> [INPUT DATA]:
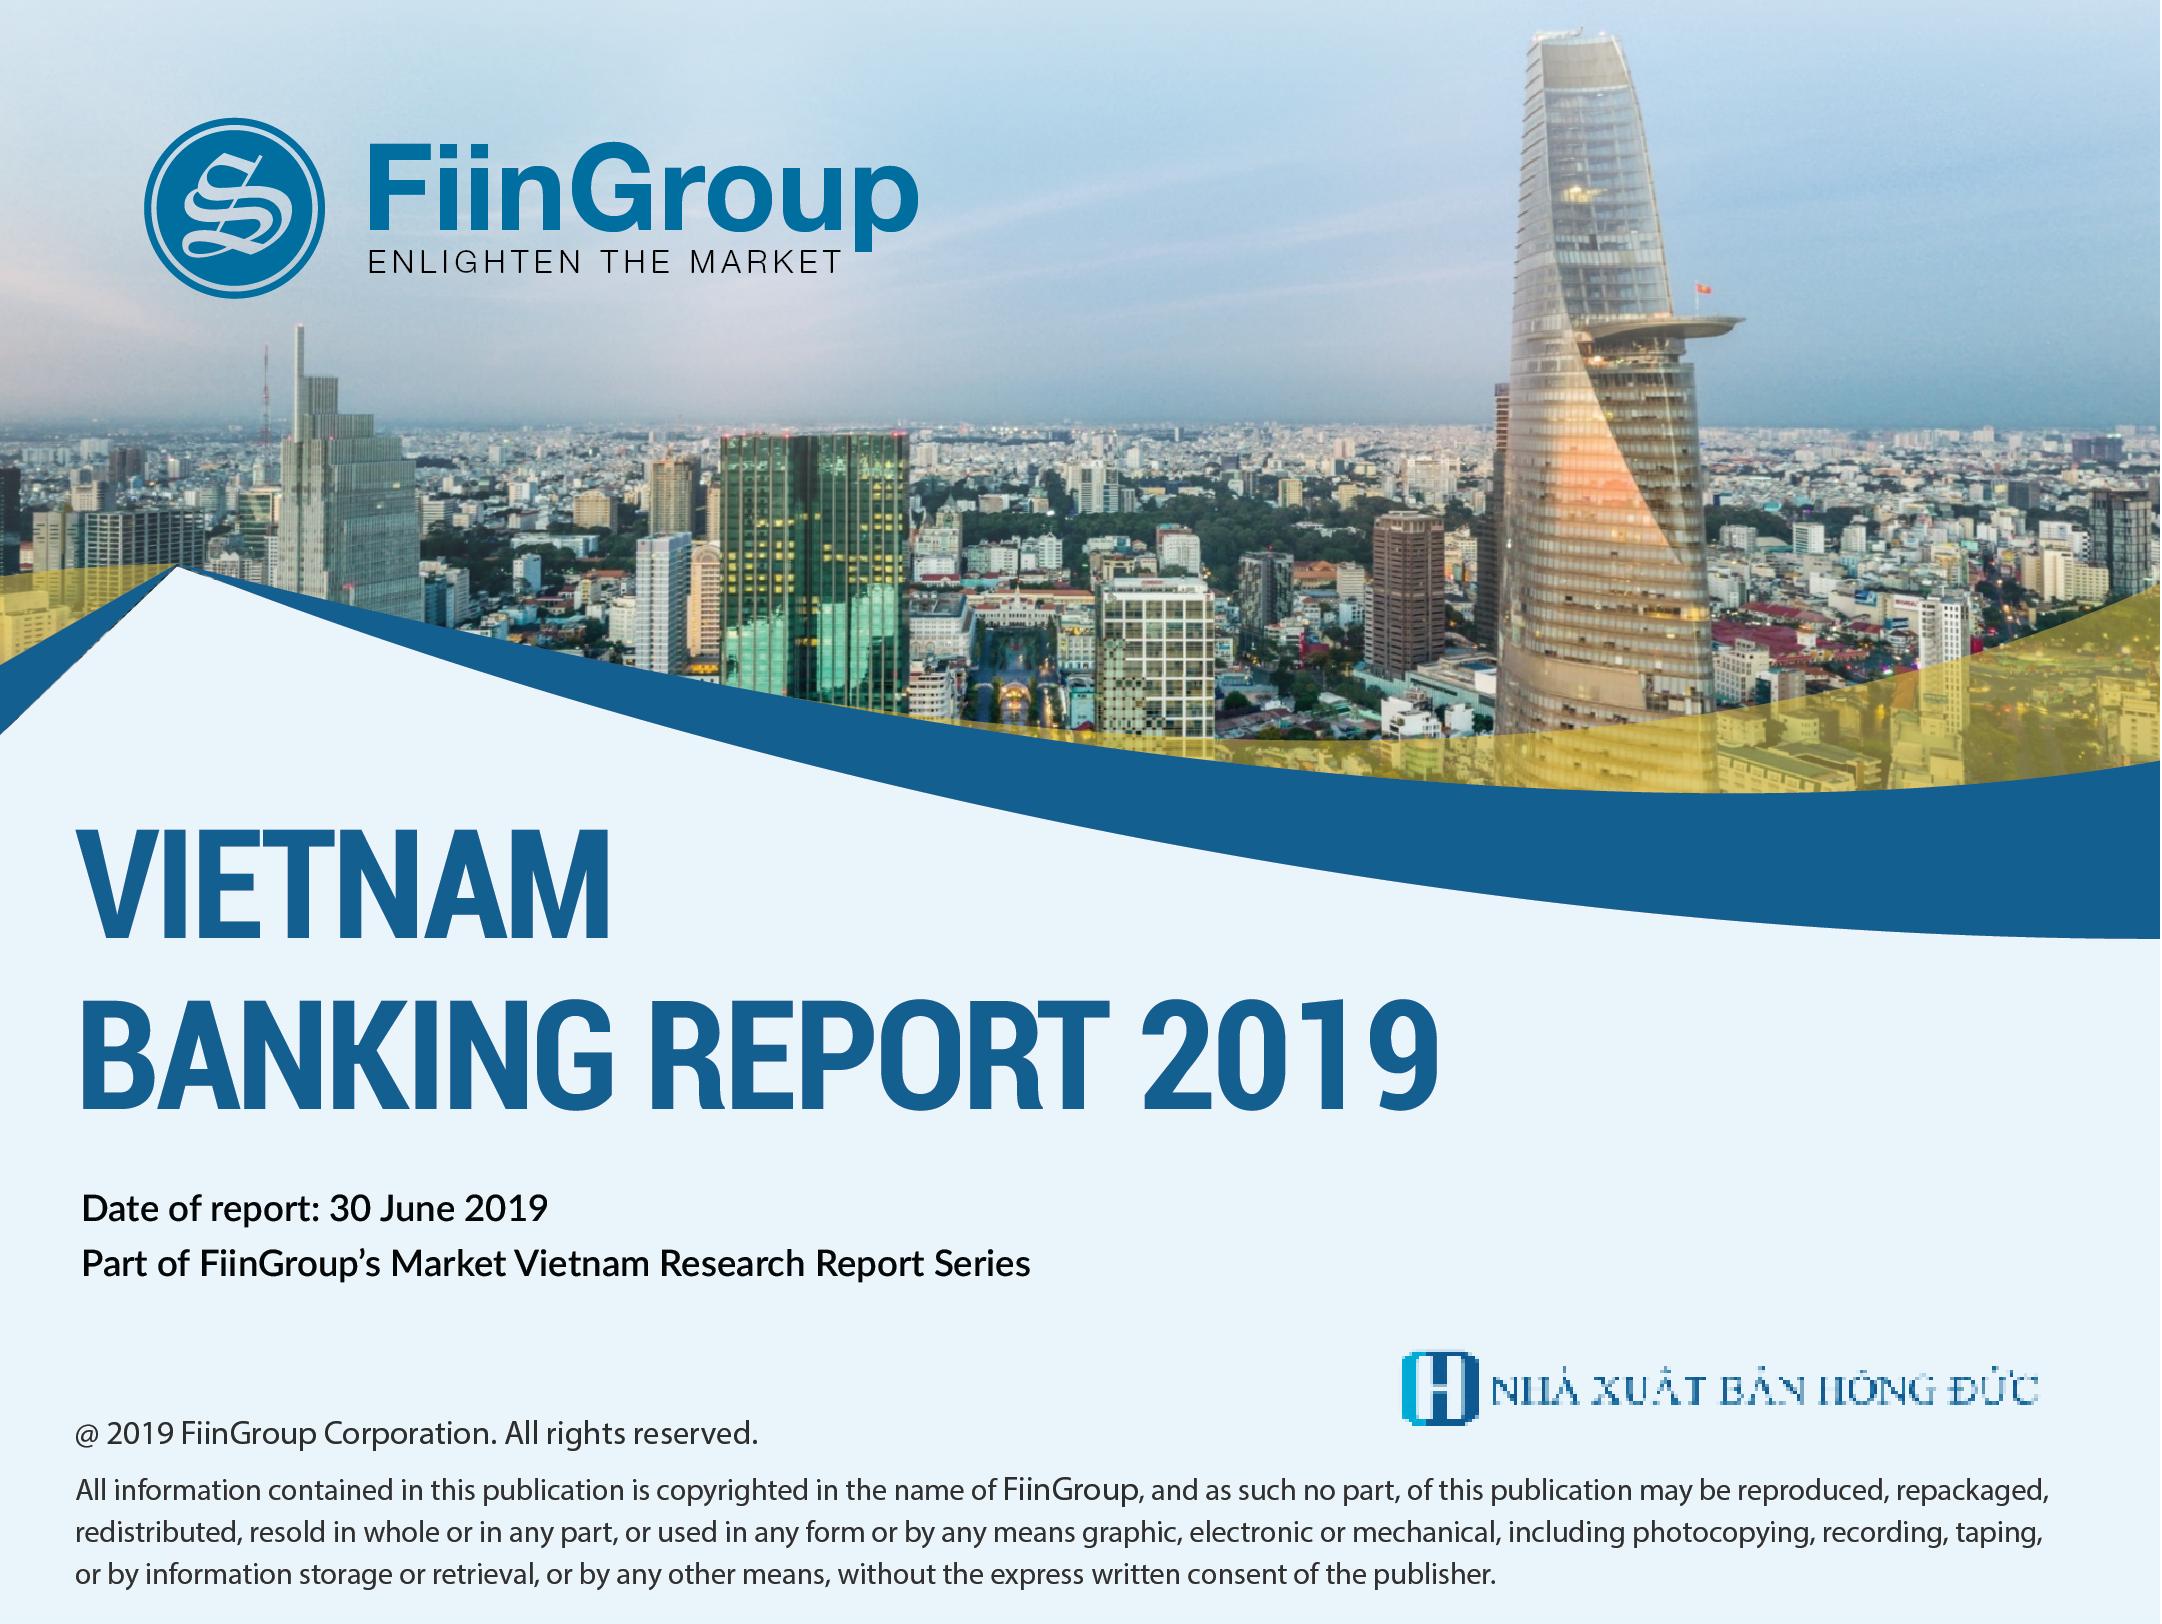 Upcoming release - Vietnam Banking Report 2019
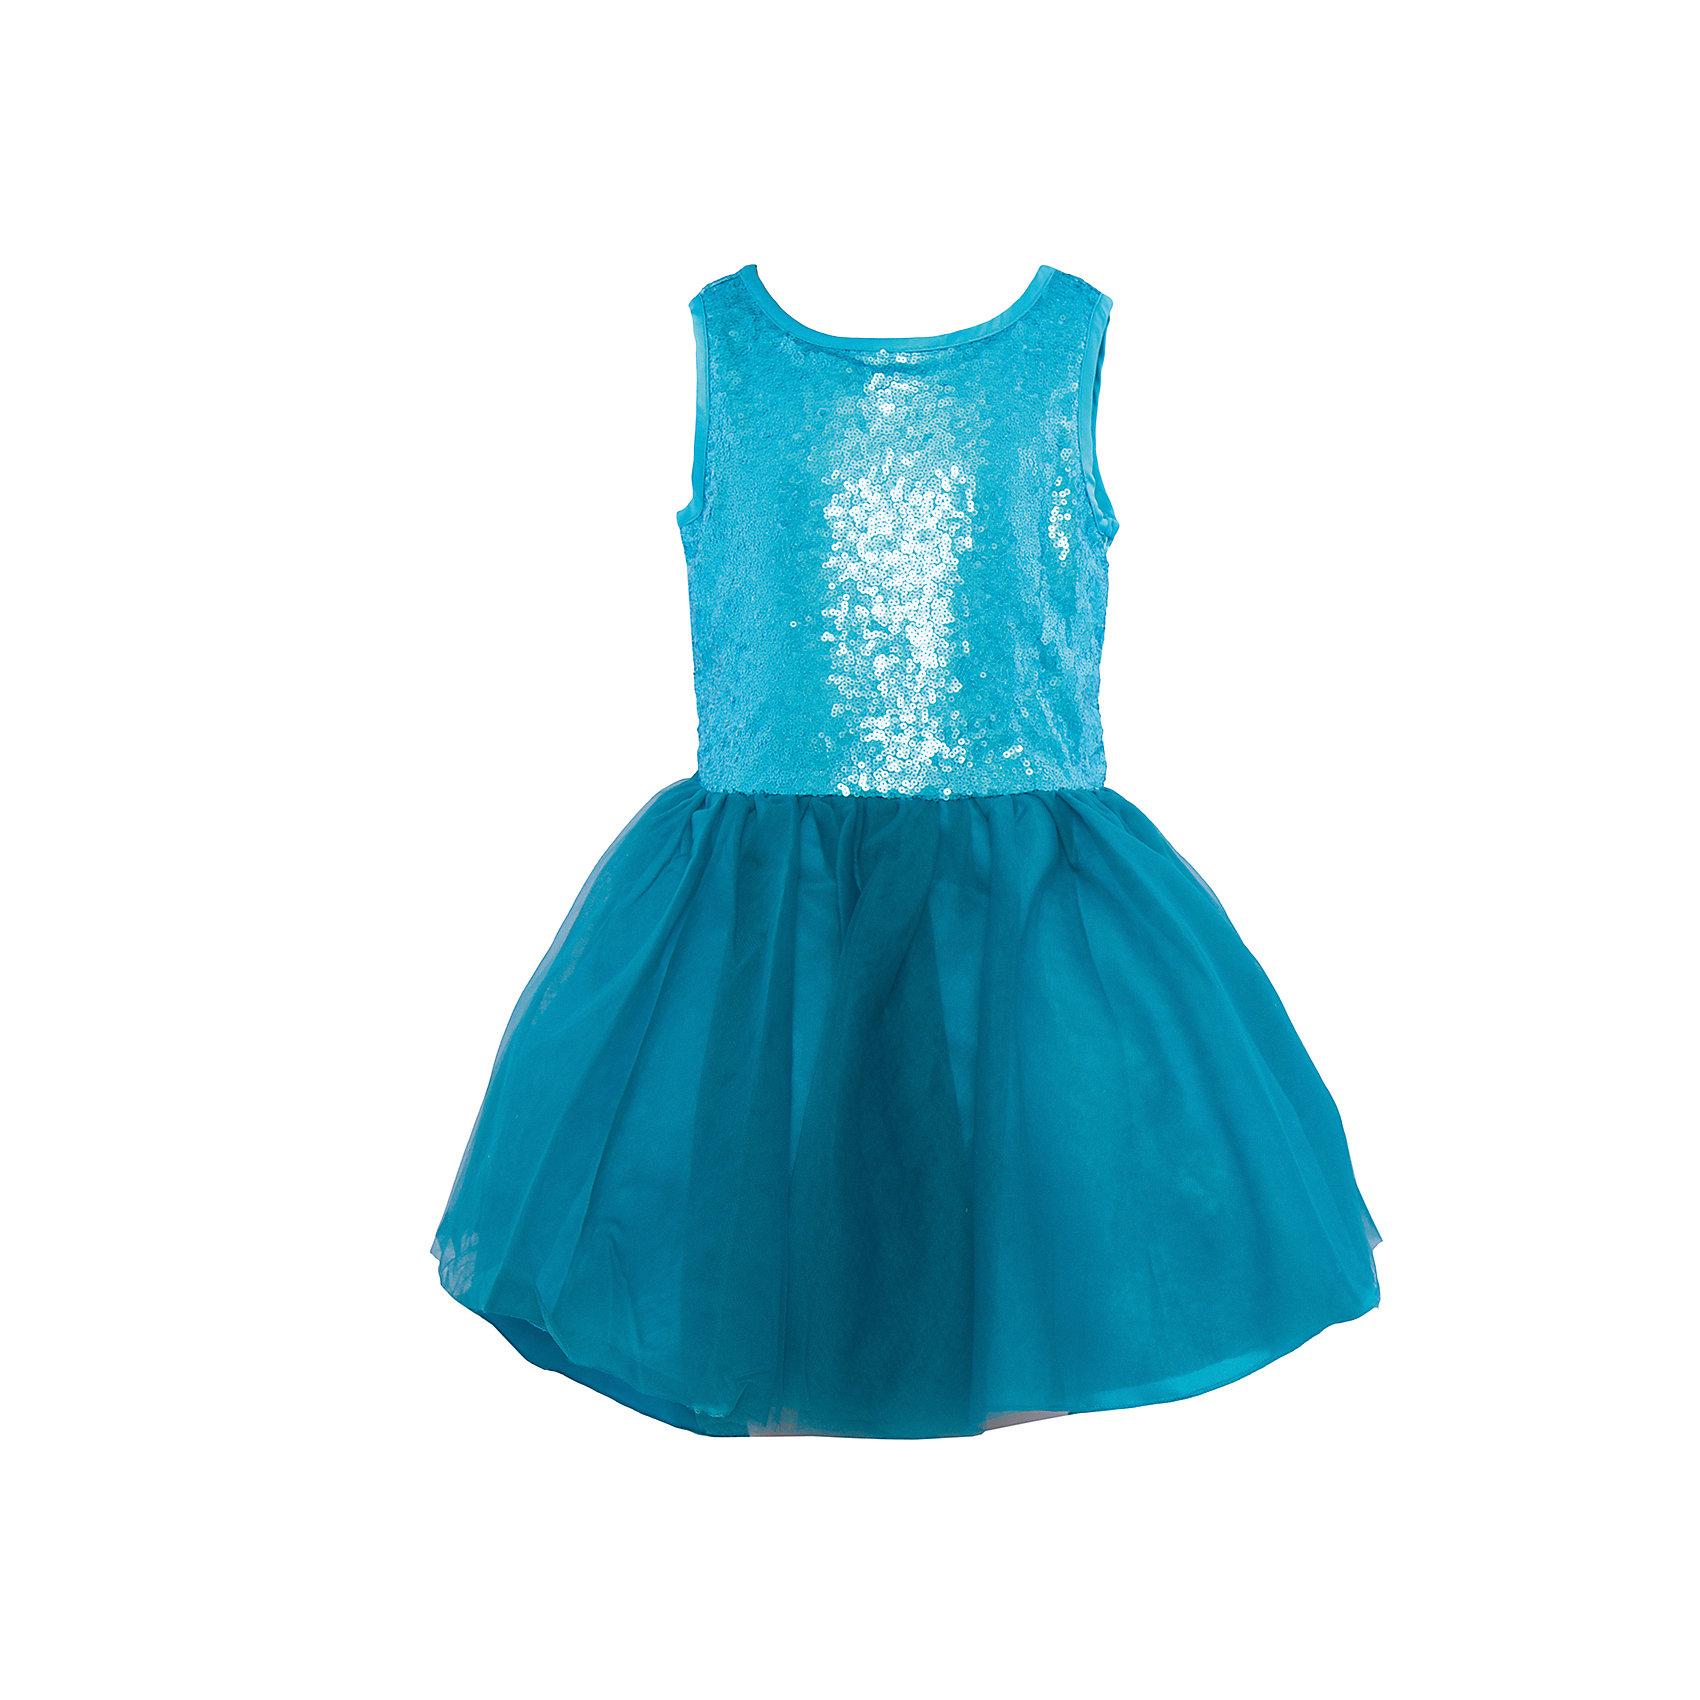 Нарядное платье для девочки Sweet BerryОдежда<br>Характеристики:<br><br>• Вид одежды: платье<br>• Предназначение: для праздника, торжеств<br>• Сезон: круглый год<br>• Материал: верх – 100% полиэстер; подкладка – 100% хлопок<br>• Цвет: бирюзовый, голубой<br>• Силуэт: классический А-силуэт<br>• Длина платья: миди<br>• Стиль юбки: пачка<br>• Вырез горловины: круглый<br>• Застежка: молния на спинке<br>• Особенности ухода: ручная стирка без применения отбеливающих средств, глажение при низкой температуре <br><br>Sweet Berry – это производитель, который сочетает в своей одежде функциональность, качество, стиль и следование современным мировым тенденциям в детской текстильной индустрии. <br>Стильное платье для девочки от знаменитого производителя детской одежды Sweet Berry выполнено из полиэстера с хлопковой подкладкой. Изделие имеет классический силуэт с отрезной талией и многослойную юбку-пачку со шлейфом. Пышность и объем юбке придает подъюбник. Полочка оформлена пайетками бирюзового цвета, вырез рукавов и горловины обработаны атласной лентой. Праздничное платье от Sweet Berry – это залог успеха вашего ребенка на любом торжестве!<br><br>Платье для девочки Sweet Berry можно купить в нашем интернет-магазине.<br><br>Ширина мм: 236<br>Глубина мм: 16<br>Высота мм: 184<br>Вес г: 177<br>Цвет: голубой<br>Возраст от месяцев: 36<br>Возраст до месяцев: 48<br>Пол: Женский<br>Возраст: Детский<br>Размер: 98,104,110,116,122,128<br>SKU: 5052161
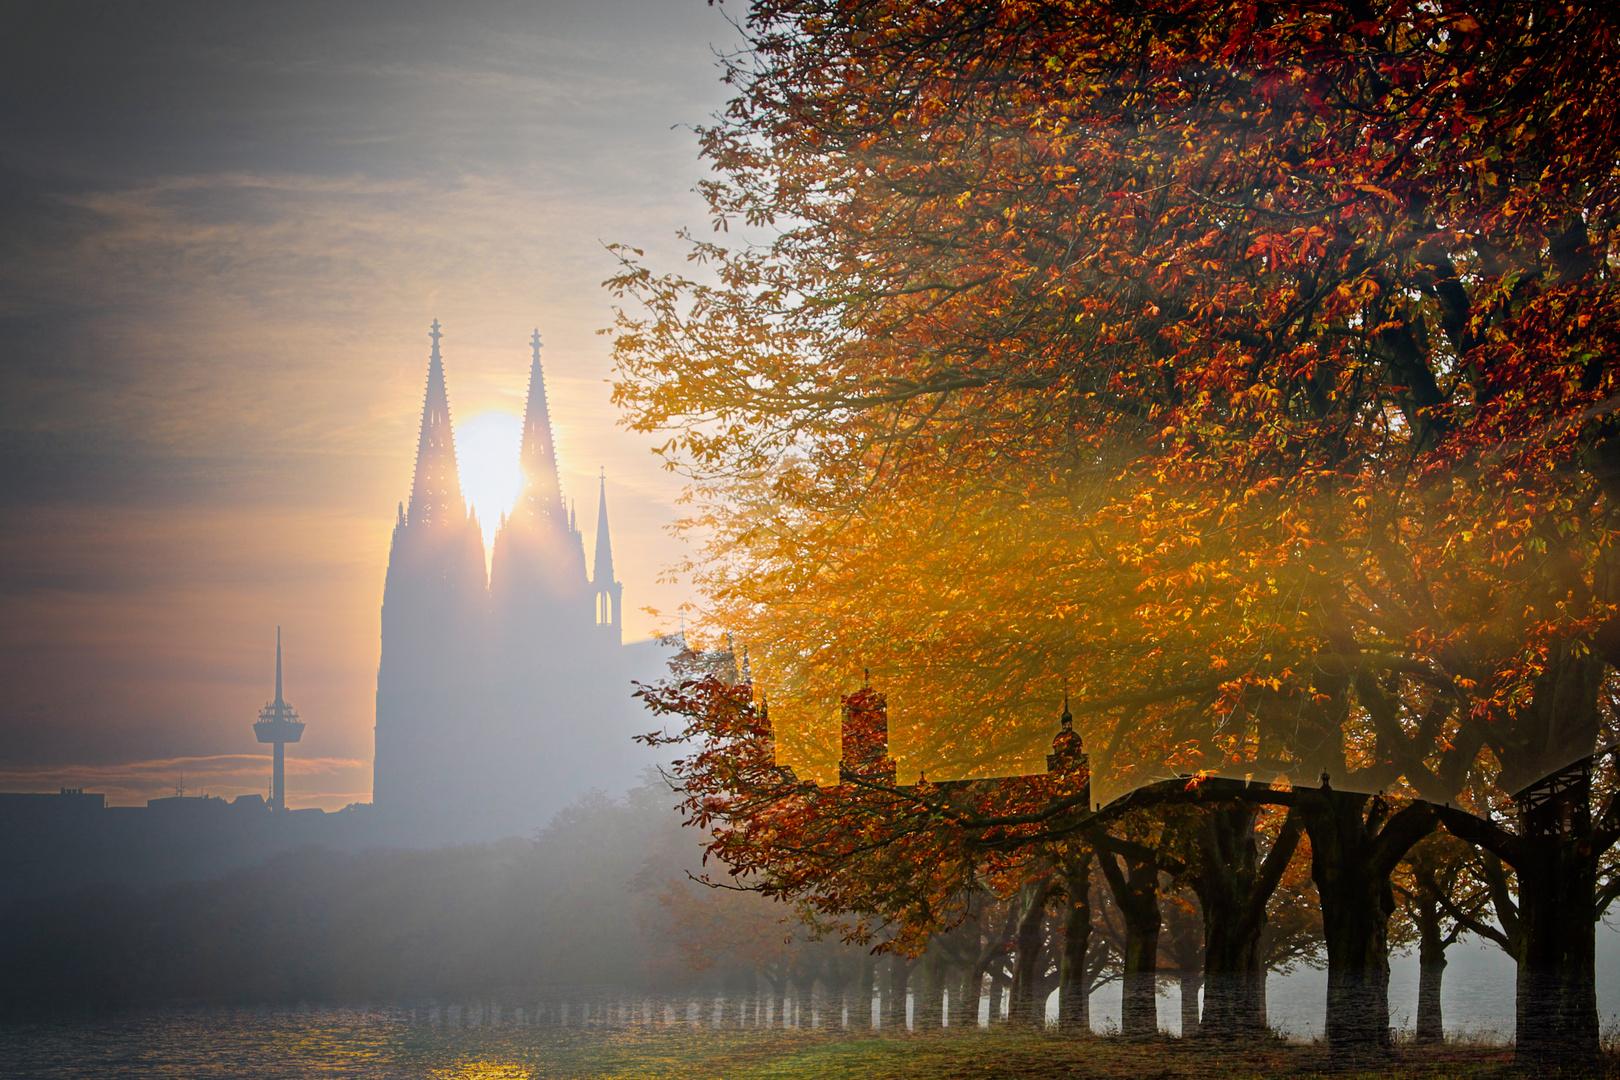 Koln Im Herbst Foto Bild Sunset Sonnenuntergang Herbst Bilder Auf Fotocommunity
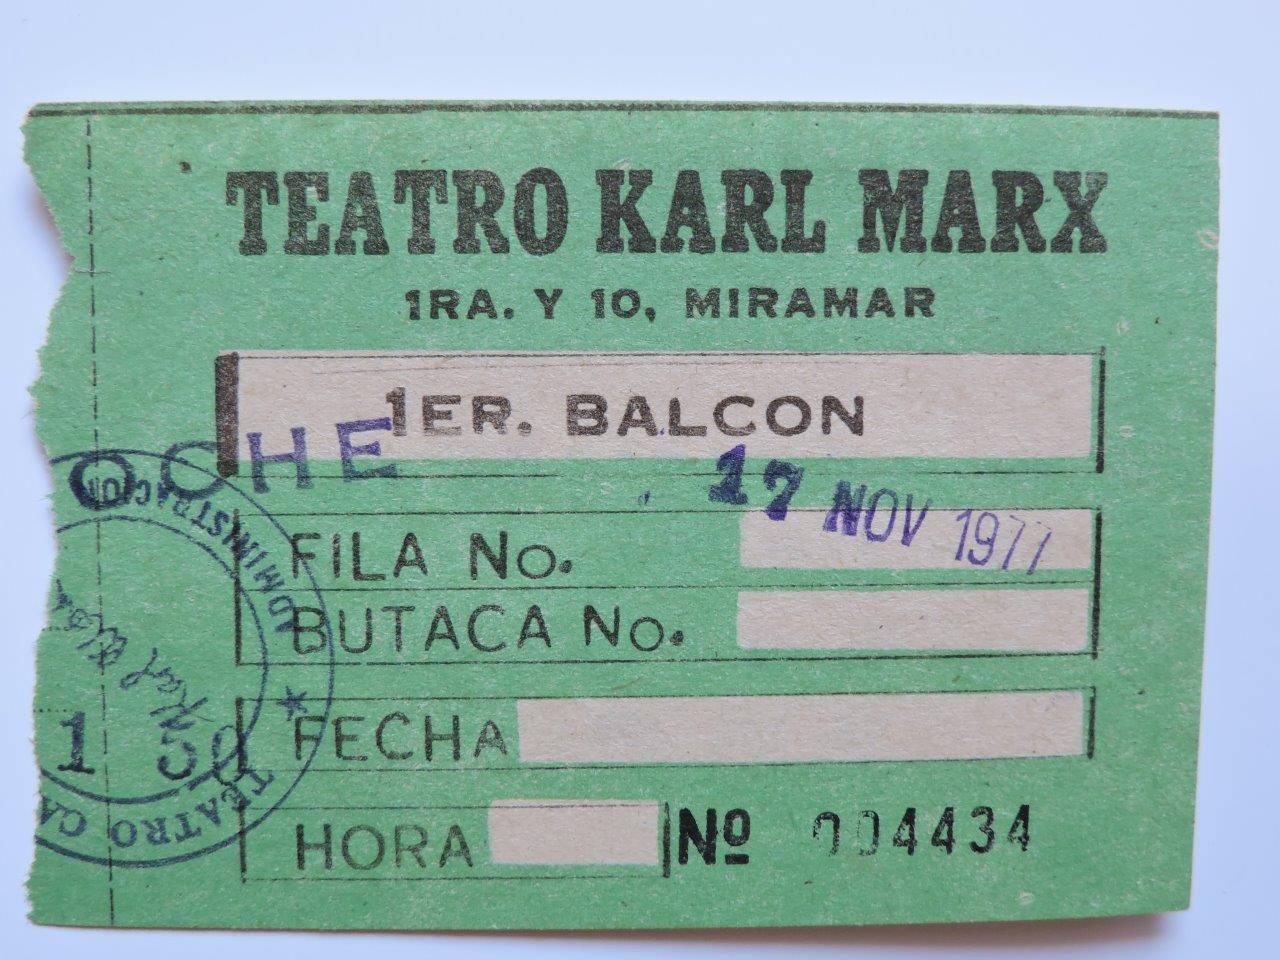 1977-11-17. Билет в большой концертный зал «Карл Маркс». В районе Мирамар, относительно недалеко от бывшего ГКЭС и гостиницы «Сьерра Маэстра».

> [AIM OF THE EXERCISE]:
Copy all the material above exactly, but skip each image.

> [WRITTEN SOLUTION]:
 Upcoming release - Vietnam Banking Report 2019
 Нарядное платье для девочки Sweet BerryОдежда<br>Характеристики:<br><br>• Вид одежды: платье<br>• Предназначение: для праздника, торжеств<br>• Сезон: круглый год<br>• Материал: верх – 100% полиэстер; подкладка – 100% хлопок<br>• Цвет: бирюзовый, голубой<br>• Силуэт: классический А-силуэт<br>• Длина платья: миди<br>• Стиль юбки: пачка<br>• Вырез горловины: круглый<br>• Застежка: молния на спинке<br>• Особенности ухода: ручная стирка без применения отбеливающих средств, глажение при низкой температуре <br><br>Sweet Berry – это производитель, который сочетает в своей одежде функциональность, качество, стиль и следование современным мировым тенденциям в детской текстильной индустрии. <br>Стильное платье для девочки от знаменитого производителя детской одежды Sweet Berry выполнено из полиэстера с хлопковой подкладкой. Изделие имеет классический силуэт с отрезной талией и многослойную юбку-пачку со шлейфом. Пышность и объем юбке придает подъюбник. Полочка оформлена пайетками бирюзового цвета, вырез рукавов и горловины обработаны атласной лентой. Праздничное платье от Sweet Berry – это залог успеха вашего ребенка на любом торжестве!<br><br>Платье для девочки Sweet Berry можно купить в нашем интернет-магазине.<br><br>Ширина мм: 236<br>Глубина мм: 16<br>Высота мм: 184<br>Вес г: 177<br>Цвет: голубой<br>Возраст от месяцев: 36<br>Возраст до месяцев: 48<br>Пол: Женский<br>Возраст: Детский<br>Размер: 98,104,110,116,122,128<br>SKU: 5052161
 Koln Im Herbst Foto Bild Sunset Sonnenuntergang Herbst Bilder Auf Fotocommunity
 1977-11-17. Билет в большой концертный зал «Карл Маркс». В районе Мирамар, относительно недалеко от бывшего ГКЭС и гостиницы «Сьерра Маэстра».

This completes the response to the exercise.